### Your objective
For the copy, please give all of the data again exactly and leave the pictures out.

### Data shown
* * * * * * *

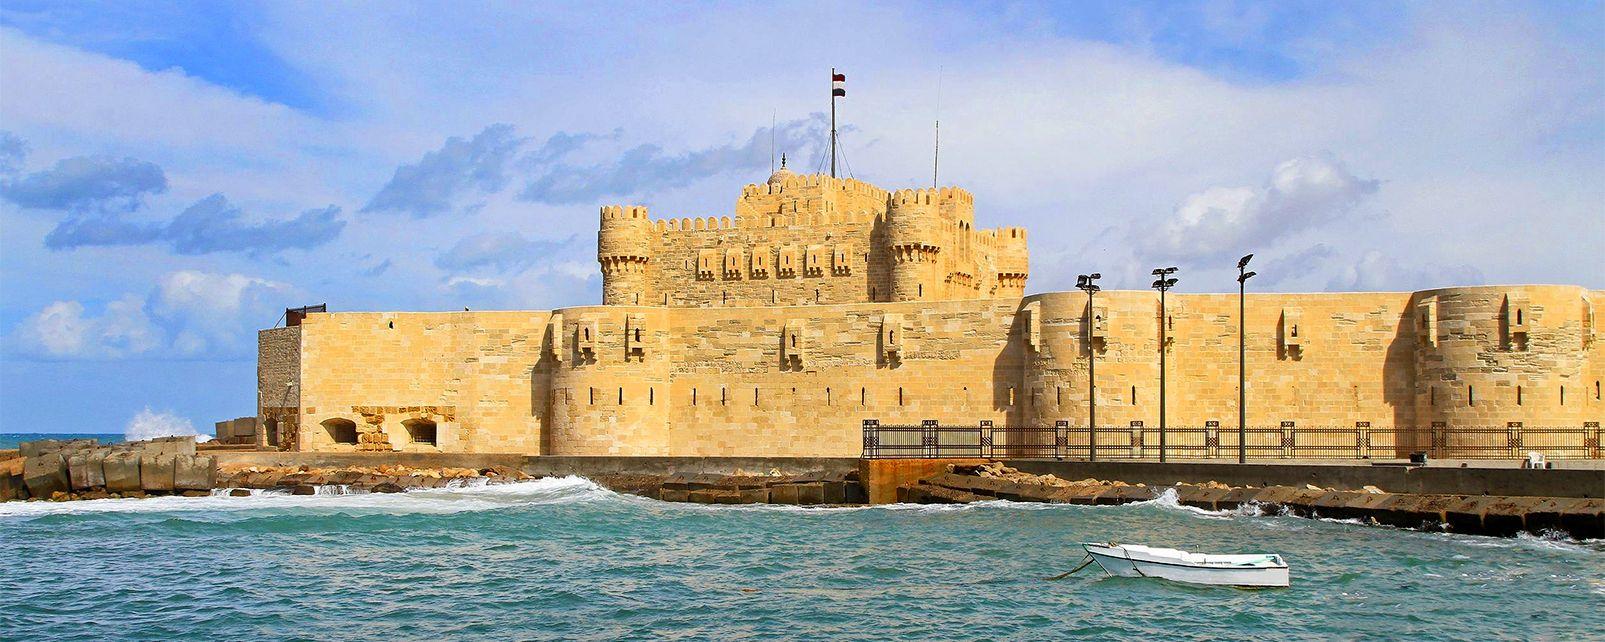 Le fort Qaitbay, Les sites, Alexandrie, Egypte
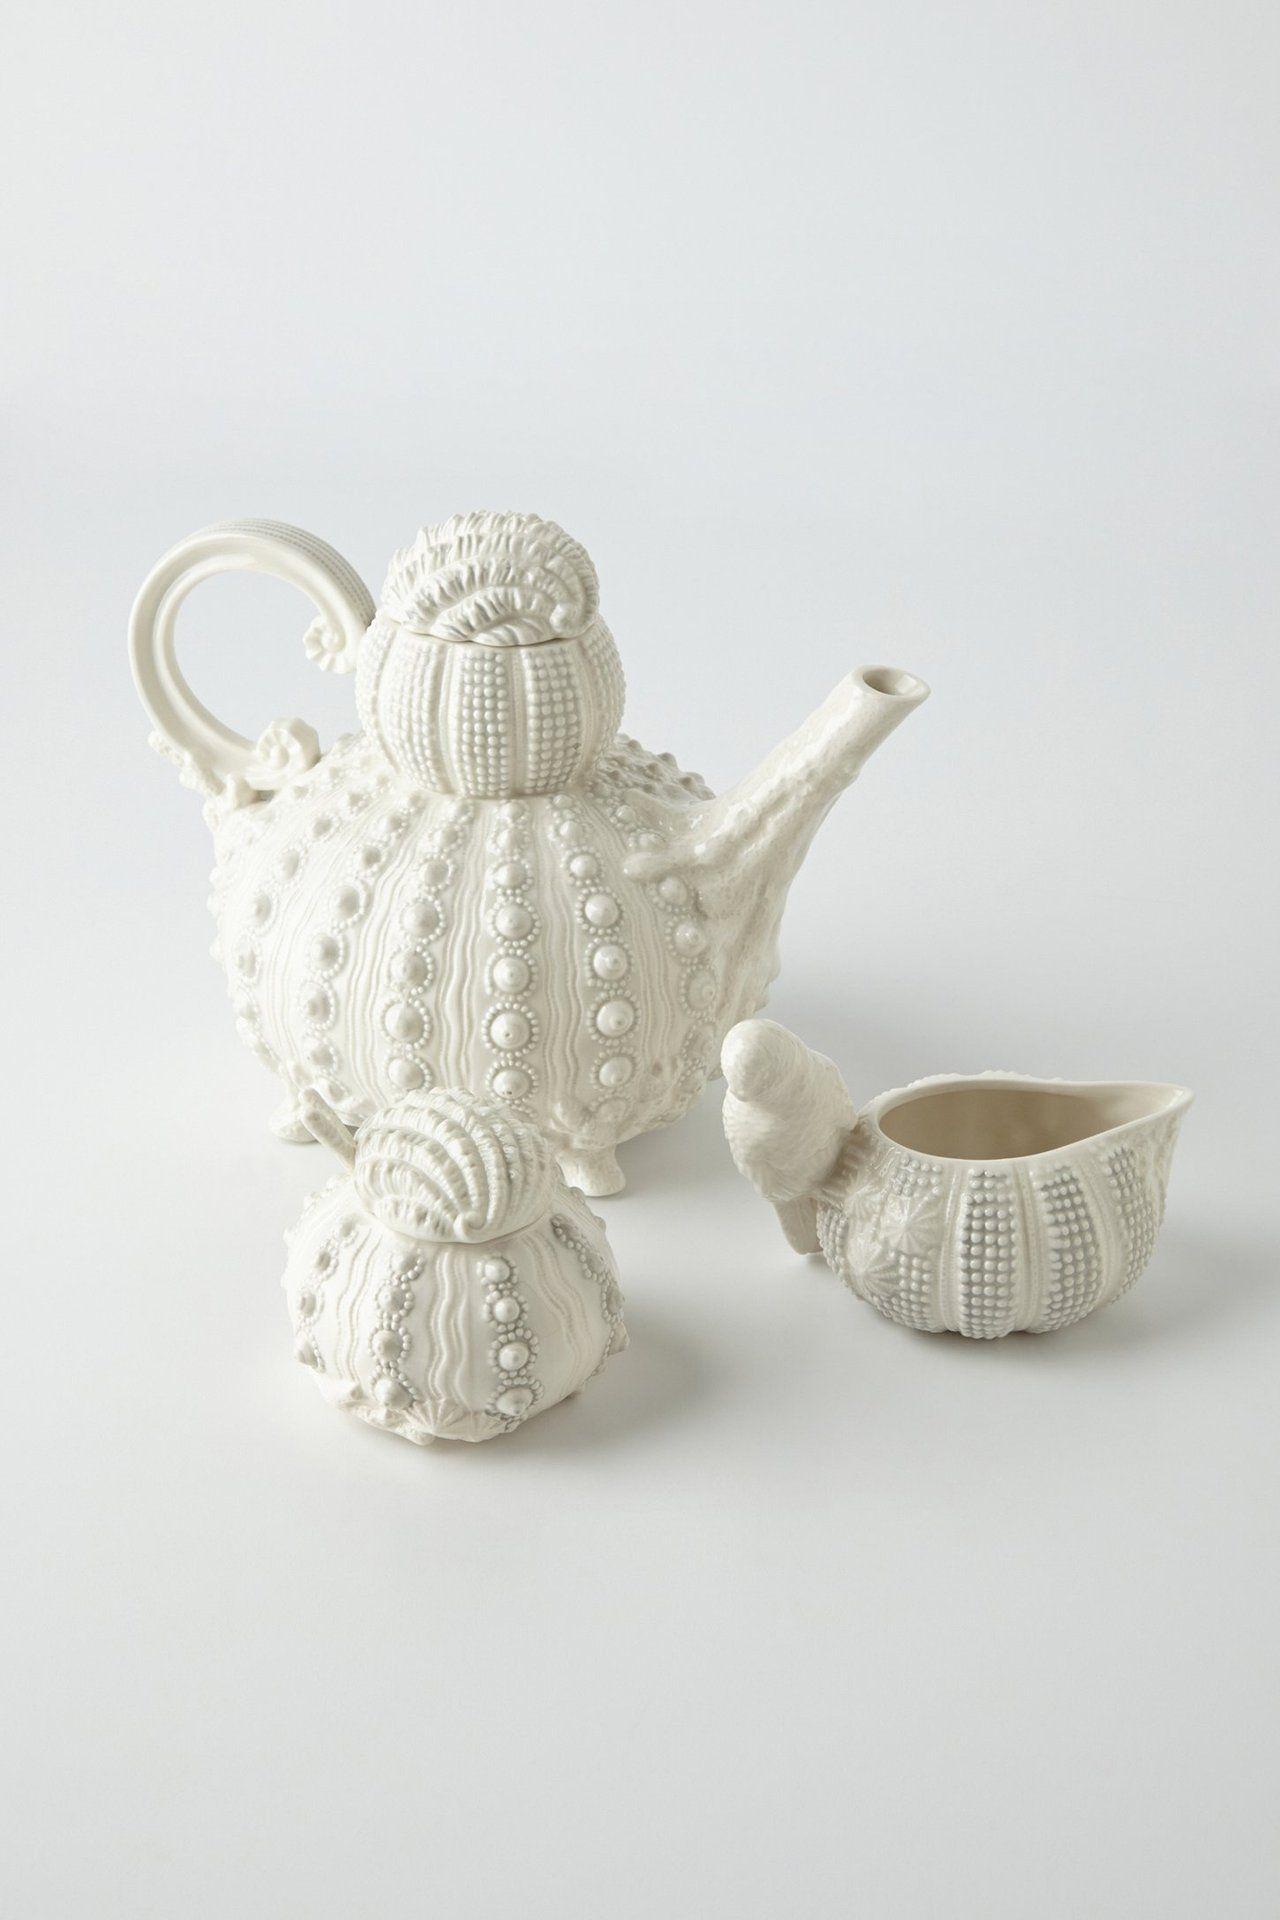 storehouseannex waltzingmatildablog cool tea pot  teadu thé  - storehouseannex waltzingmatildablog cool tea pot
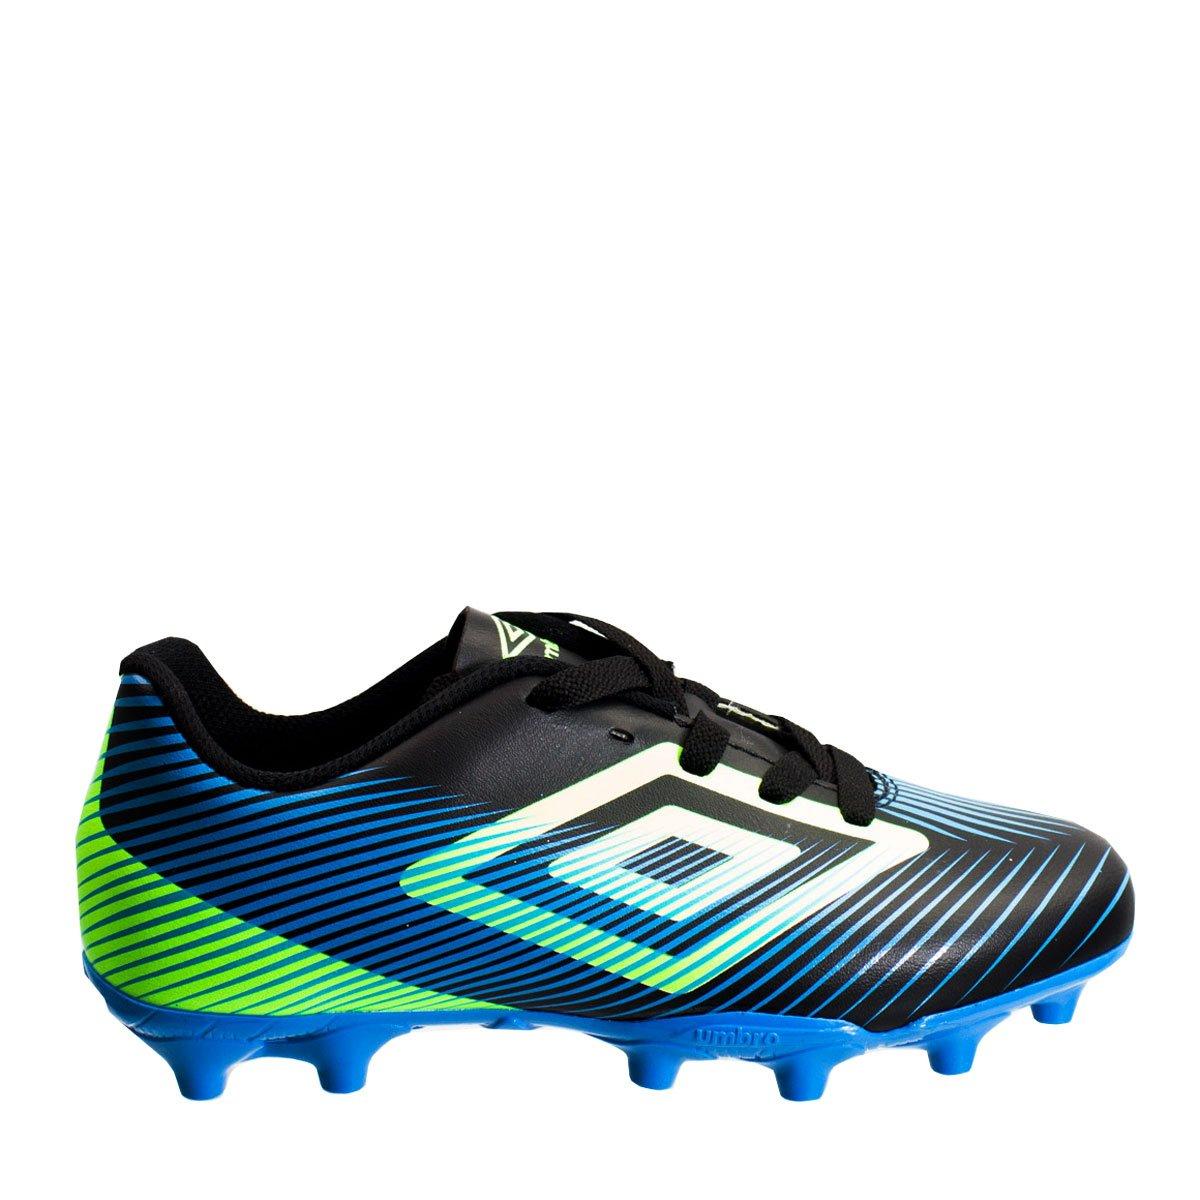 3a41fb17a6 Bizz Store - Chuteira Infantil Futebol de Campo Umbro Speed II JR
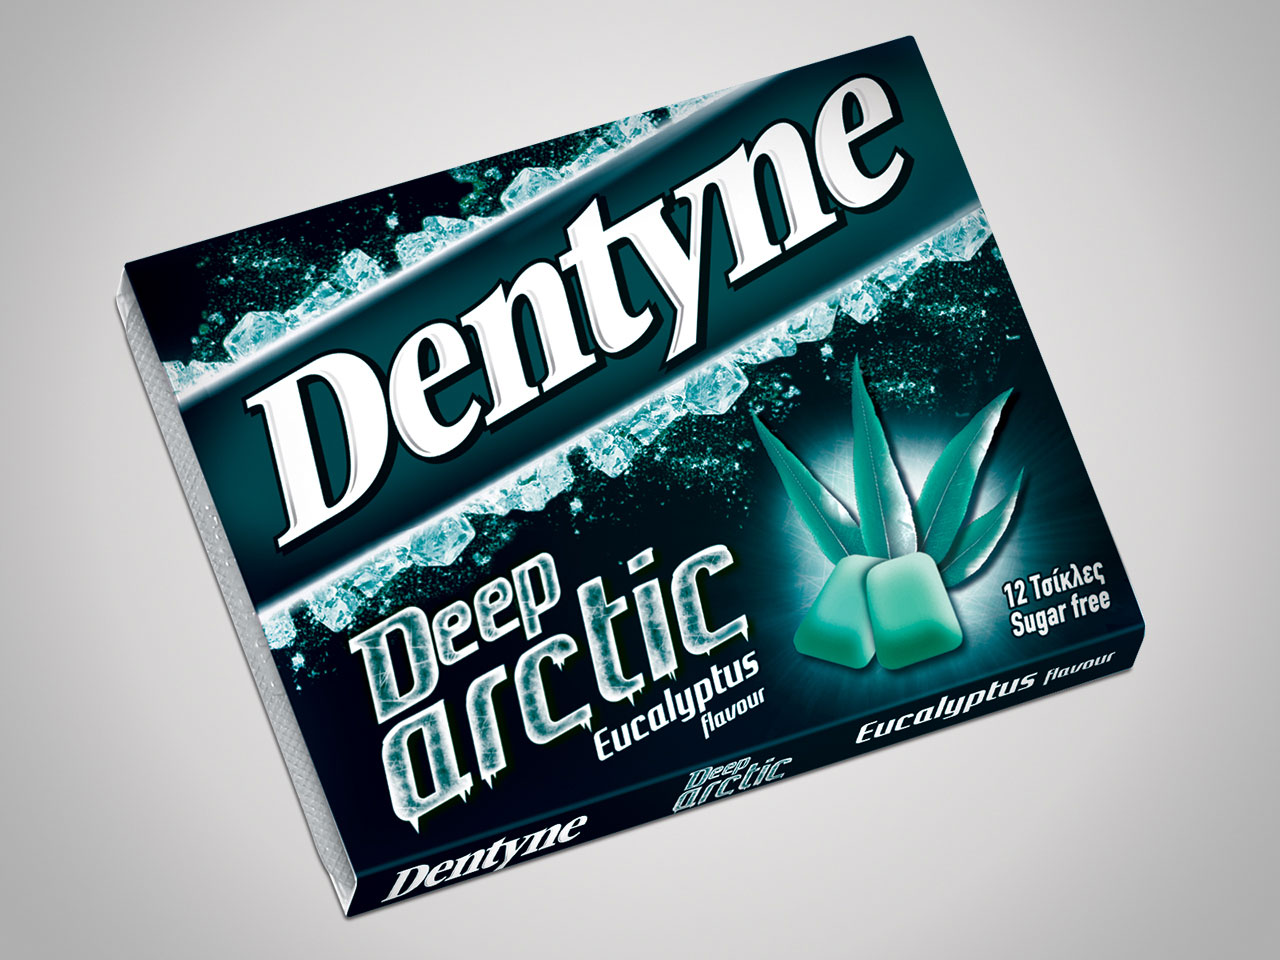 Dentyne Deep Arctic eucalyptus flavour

* * * * * * *

### Reply
 Le fort Qaitbay, Les sites, Alexandrie, Egypte
 storehouseannex waltzingmatildablog cool tea pot  teadu thé  - storehouseannex waltzingmatildablog cool tea pot
 3a41fb17a6 Bizz Store - Chuteira Infantil Futebol de Campo Umbro Speed II JR
 Dentyne Deep Arctic eucalyptus flavour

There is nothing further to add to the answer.